Наступило время перемен, думал он, глядя через высокие окна на смертоносные джунгли за стеной Периметра. Очевидно, какие-то сверхчувствительные клетки уловили его движение, так как ветви ближайшего дерева склонились вперед и внезапный шквал ядовитых шаров ударил в прозрачный металл окна. Но нервы Ясона были теперь так тренированы, что у него не дрогнул ни один мускул.
Время перемен проходит. Каждый день на Пирре — это еще один поворот колеса... Выигрыш — всего лишь выживание, а когда выпадет твой номер — несомненная смерть.

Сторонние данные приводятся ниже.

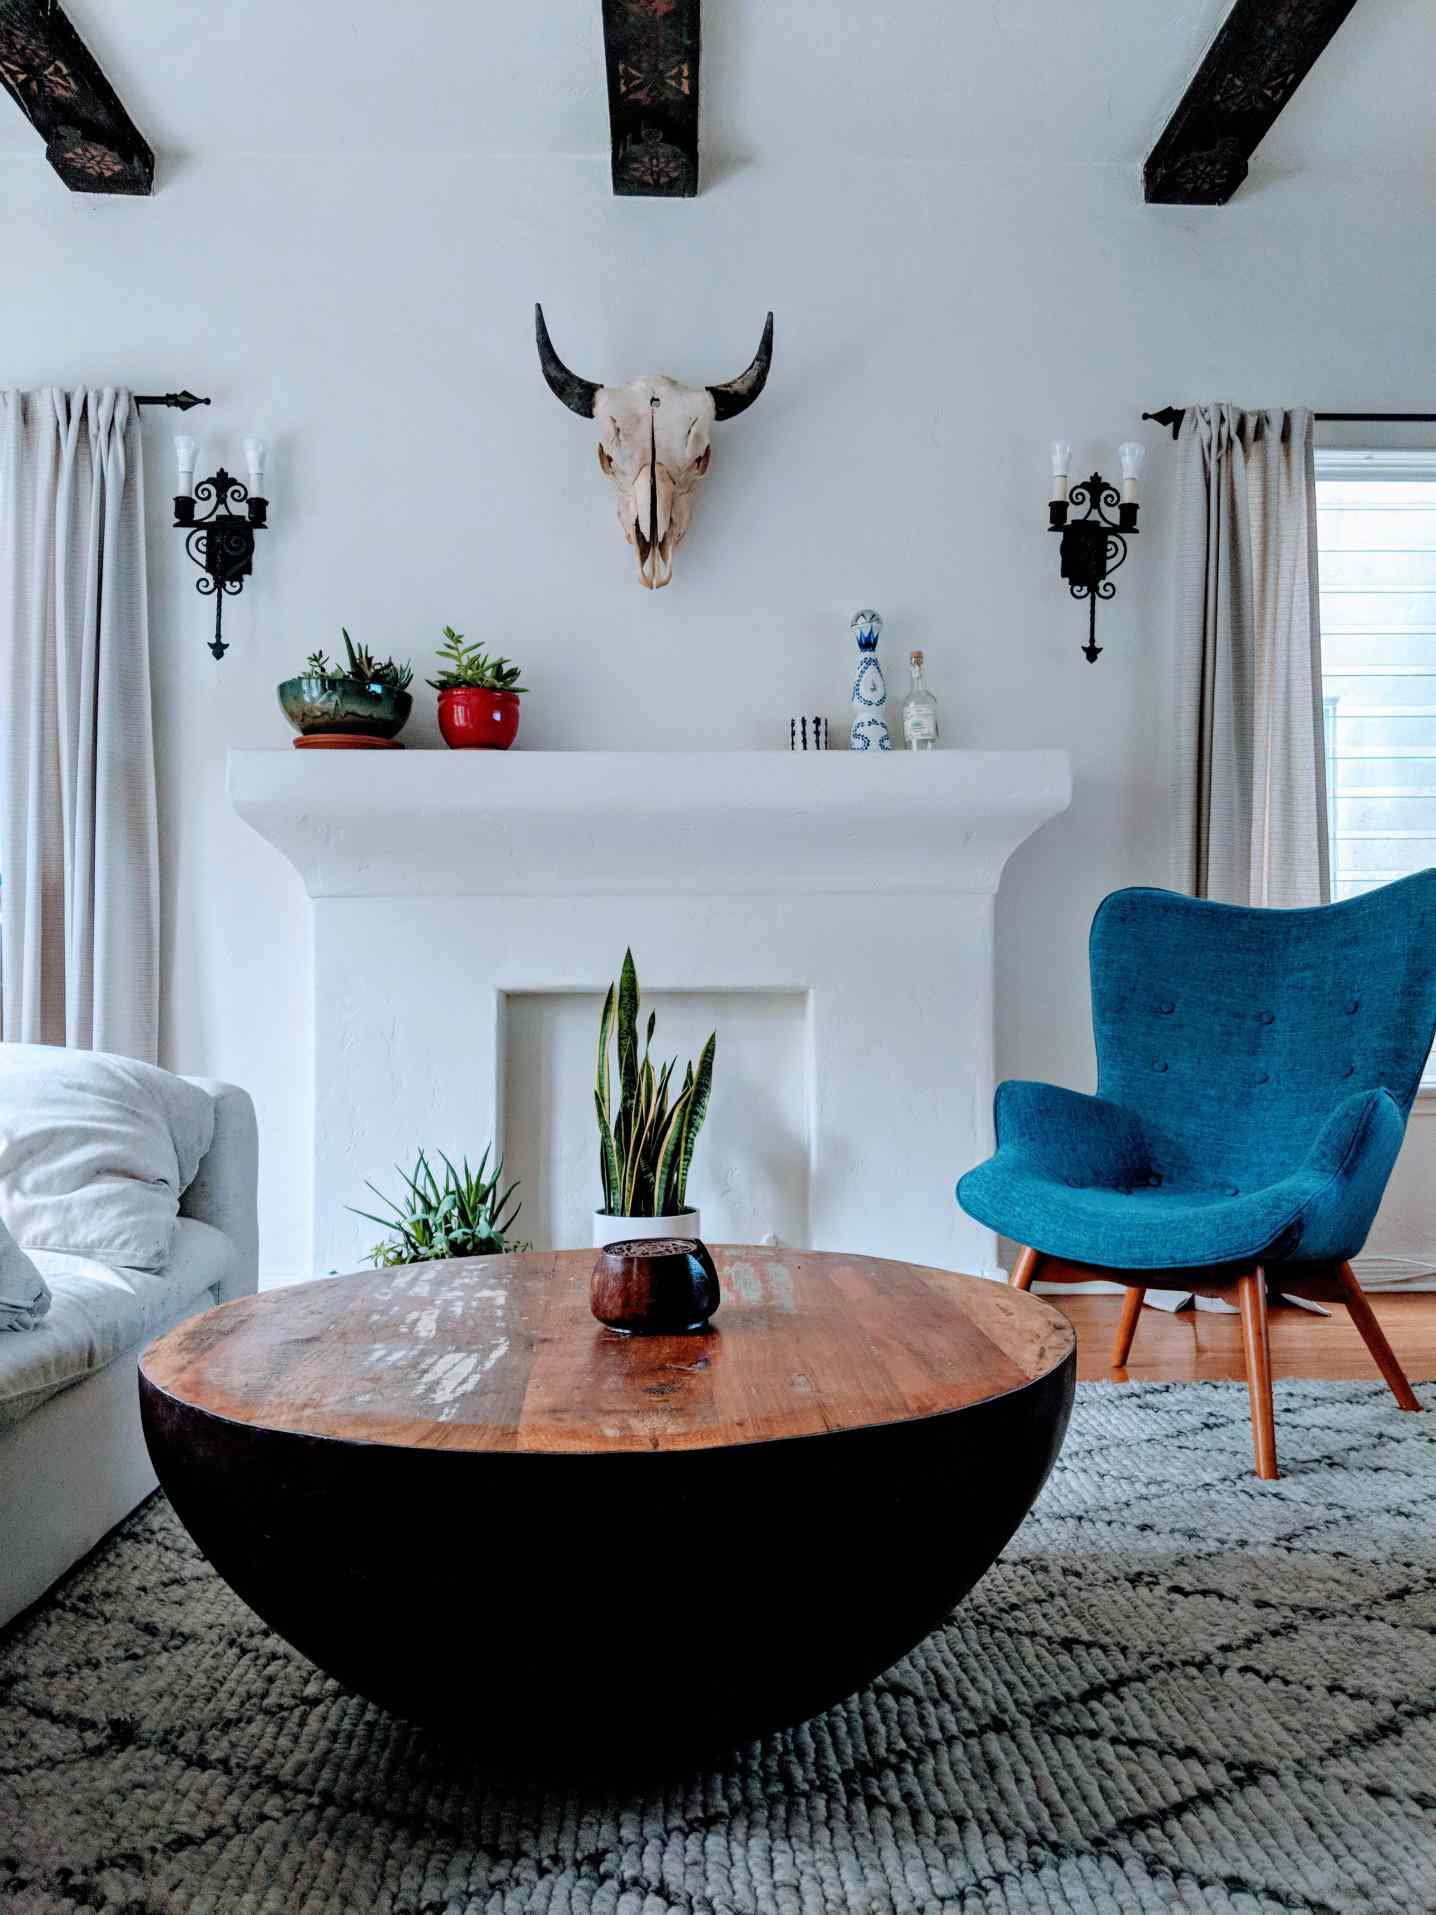 Sala de estar boho chic com mesa circular, cadeira azul, lareira falsa e cabeça de touro na parede.

Сколько человек погибло со времени его прибытия сюда? Похоже, он становится таким же равнодушным к смерти, как и истинный пиррянин.
Если вообще возможны какие-то изменения, то он единственный, кто может их осуществить. Однажды ему показалось, что он решил жизненные проблемы этой планеты: тогда он доказал пиррянам, что безжалостная, нескончаемая война — их собственное порождение. Но война все еще продолжается. Знание истины отнюдь не всегда означает согласие с ней. Пирряне, способные примириться с окружающей средой, оставили город и удалились в глубь планеты, чтобы избежать физического и духовного давления ненависти, окружавшей город. Оставшиеся пирряне хоть и убедились в том, что войну заставляют продолжать они сами, в глубине души не верили в это. И каждый раз, когда они бросали взгляд на землю, которую ненавидели, враг обретал новые силы и возобновлял нападение. Думая о неизбежном конце, ожидавшем город, Ясон испытывал все возрастающую подавленность. Осталось много людей, не способных изменить свой образ жизни или принять хоть какую-то помощь. Они были такой же частью этой войны и так же привыкли к ней, как и многие поколения местных жизненных форм — исчадий ненависти и страха...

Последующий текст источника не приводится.